Think tank e politici, media e analisti che giocano alla guerra agiscono come se i Paesi fossero pezzi degli scacchi e le persone fossero numeri su una pagina. I funzionari governativi statunitensi, per esempio, hanno stimato che una guerra in Ucraina potrebbe uccidere da 25.000 a 50.000 civili, da 5.000 a 25.000 militari ucraini e da 3.000 a 10.000 soldati russi. Ricordiamo che nell’Ucraina orientale i combattimenti in corso dal 2014 hanno già ucciso più di 14.000 persone e sfollato milioni di persone. Invece di vedere queste persone come individui, le cui vite hanno un valore e un significato, che fanno parte di famiglie e comunità, gli esperti le calcolano solo come “perdite accettabili” e rischi di “danni collaterali”, e guardano dall’altra parte mentre i corpi si accumulano.
Questi numeri non tengono conto del terrore psicologico di vivere nel conflitto, di sentire le bombe sganciate o i droni che si librano sopra la testa, di avere paura di lasciare la propria casa, di vedere morire i propri cari. Queste cifre non tengono conto anche degli impatti ambientali della guerra, i resti tossici o esplosivi delle armi, i danni alla terra, all’acqua e agli animali. Noi pensiamo che questi impatti umanitari e ambientali dovrebbero essere in primo piano in tutte le decisioni politiche.
Quali possono essere strade concrete per partire dagli impatti umanitari e dalla vita delle persone per prendere decisioni politiche?
RA C’è un’urgenza di demilitarizzazione e disarmo. Invece di incoraggiare l’invio di più armi e soldati in questa situazione, invece di giustificare il militarismo di una parte a causa dell’altra, dobbiamo invece sforzarci di portare in de-escalation questa crisi attraverso il disarmo, la smilitarizzazione e la diplomazia.
C’è bisogno che alcuni passaggi vengano implementati subito: la NATO non dovrebbe cercare un’ulteriore espansione o impegnarsi in aggressioni e la Russia dovrebbe cessare l’interferenza e l’aggressione contro i Paesi che ritiene essere all’interno della sua “sfera di influenza”. Tutte le truppe devono essere ritirate e le forniture di armi, equipaggiamento militare e addestramento devono cessare. Il diritto umano all’obiezione di coscienza al servizio militare deve essere garantito, con accordi fra tutte le parti per porre fine alle esercitazioni militari ed evitare incontri militari ravvicinati tra le forze russe e della NATO.

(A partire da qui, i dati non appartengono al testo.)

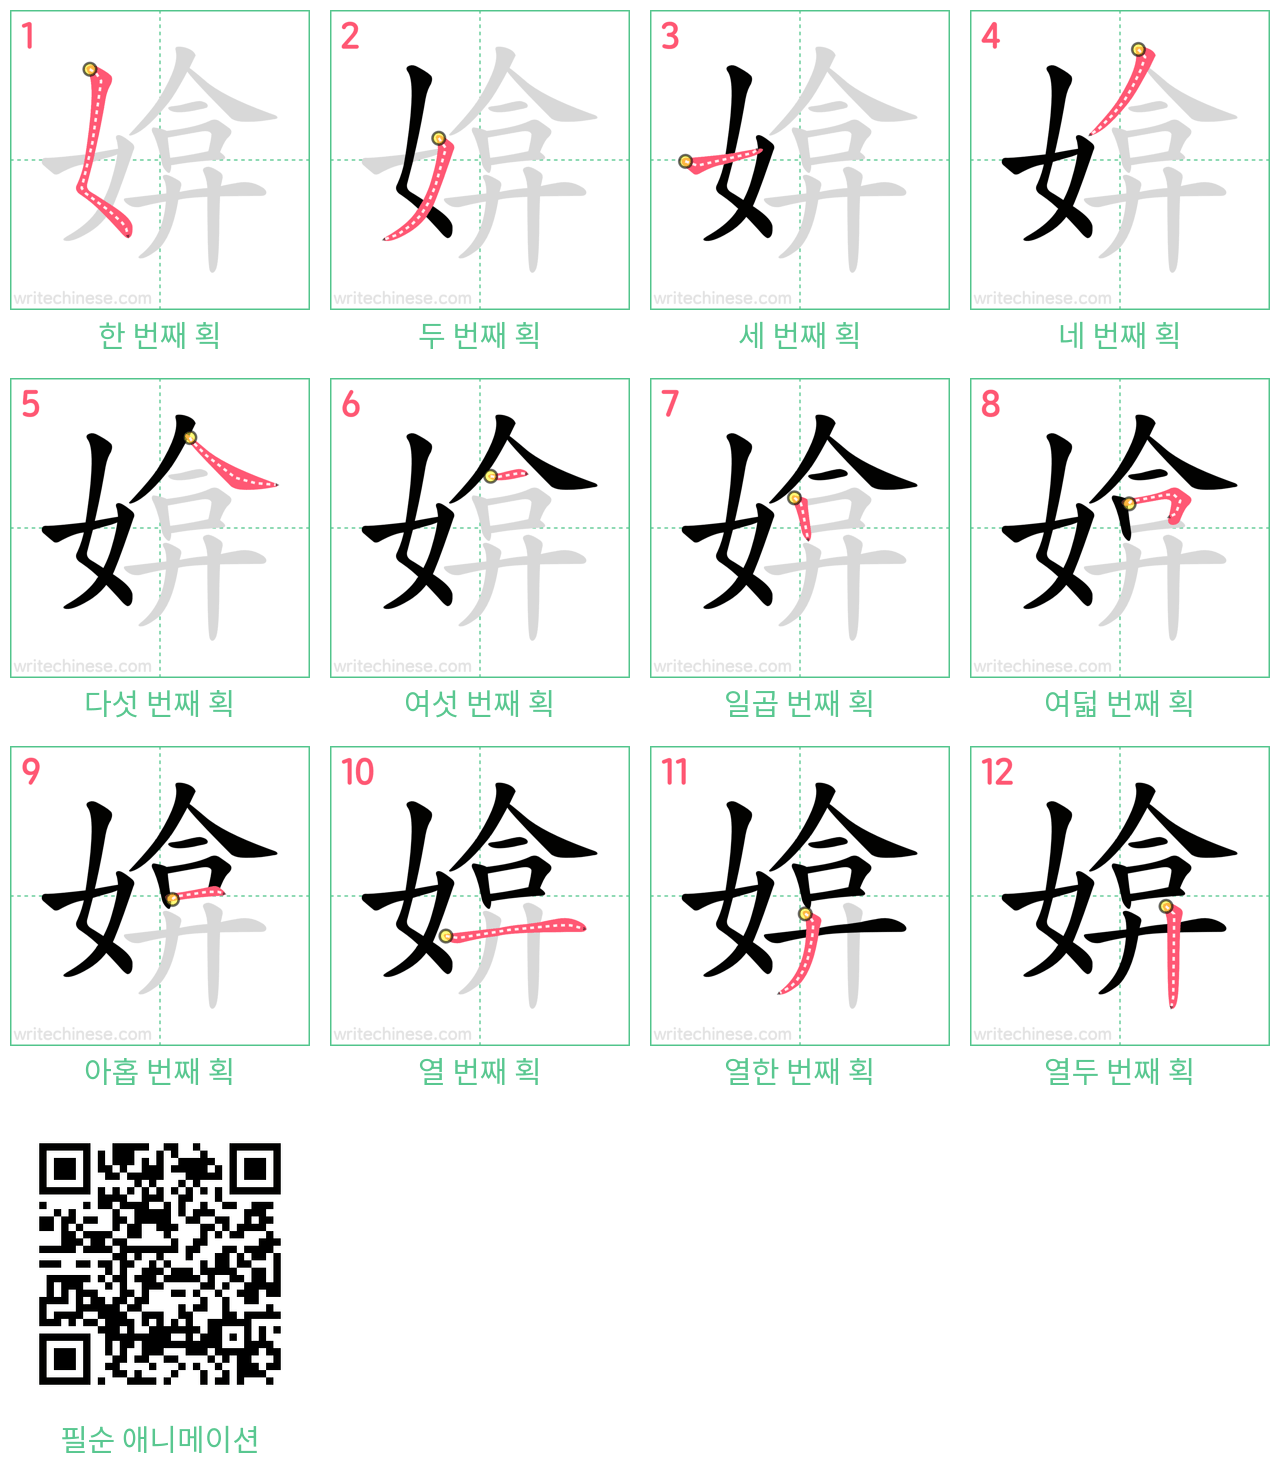 媕 step-by-step stroke order diagrams

Tutte le parti coinvolte dovrebbero impegnarsi a negoziare un nuovo trattato sulle forze convenzionali in Europa e smilitarizzare il Continente attraverso ispezioni, impegnandosi anche ad evitare attacchi cibernetici, specialmente contro infrastrutture critiche che colpiscono la vita dei civili. Inoltre tutte le parti interessate devono intraprendere azioni urgenti per prevenire la guerra nucleare: sulla scia del crollo del trattato sulle forze nucleari a medio raggio INF devono essere elaborate nuove regole per non schierare tali missili in Europa o nella Russia occidentale.
Gli Stati Uniti e la Russia hanno anche bisogno di concludere nuovi accordi che raggiungano ulteriori tagli verificabili nelle armi nucleari strategiche e non strategiche e sulle limitazioni delle difese missilistiche a lungo raggio, prima che il nuovo trattato di riduzione delle armi strategiche (New START) scada all’inizio del 2026. Inoltre gli Stati Uniti dovrebbero ritirare le loro armi nucleari di stanza nei Paesi membri della NATO e la Russia dovrebbe ritirare le sue armi nucleari tattiche dalle basi vicino al suo confine occidentale.
Tante richieste concrete ma difficilmente realizzabili se il clima diventa quello di un confronto “ideologico” e con mire di potere (interno ed esterno).
RA Sì ed è per questo che al di là del contesto immediato è necessario agire per prevenire futuri conflitti armati e minacce di guerra nucleare. Invece di mantenere alleanze militari contrapposte tutte le parti dovrebbero impegnarsi nella costruzione di una strategia di sicurezza comune e demilitarizzata che ponga la cooperazione e la soddisfazione collettiva dei bisogni delle persone e del pianeta in primo piano in tutte le politiche e azioni. La NATO, per esempio, dovrebbe essere sciolta e si dovrebbero invece costruire alleanze non militarizzate e non divisive per la pace e la cooperazione, con la solidarietà internazionale come principio guida. Tutti i Paesi dovrebbero ridurre le loro spese militari immediatamente, e concordare riduzioni graduali attraverso l’attuazione dell’articolo 26 della Carta delle Nazioni Unite, il cui mandato dovrebbe essere sottratto al Consiglio di sicurezza delle Nazioni Unite e dato all’Assemblea generale delle Nazioni Unite.
Tutti i Paesi dovrebbero aderire al trattato sulla proibizione delle armi nucleari TPNW e lavorare urgentemente per l’eliminazione di tutte le armi nucleari. Attraverso le disposizioni del trattato l’eliminazione delle armi nucleari potrebbe essere perseguita attraverso un processo verificabile e raggiunta entro un decennio. L’eliminazione delle armi nucleari aiuterebbe a stabilire un nuovo paradigma cooperativo nelle relazioni internazionali e a liberare risorse per affrontare la crisi climatica. Al centro dei nostri sforzi, dobbiamo mettere la vita dei civili e la cura del pianeta al di sopra degli interessi militari, politici ed economici percepiti. A tal fine, un processo di pace incentrato sulle persone è imperativo.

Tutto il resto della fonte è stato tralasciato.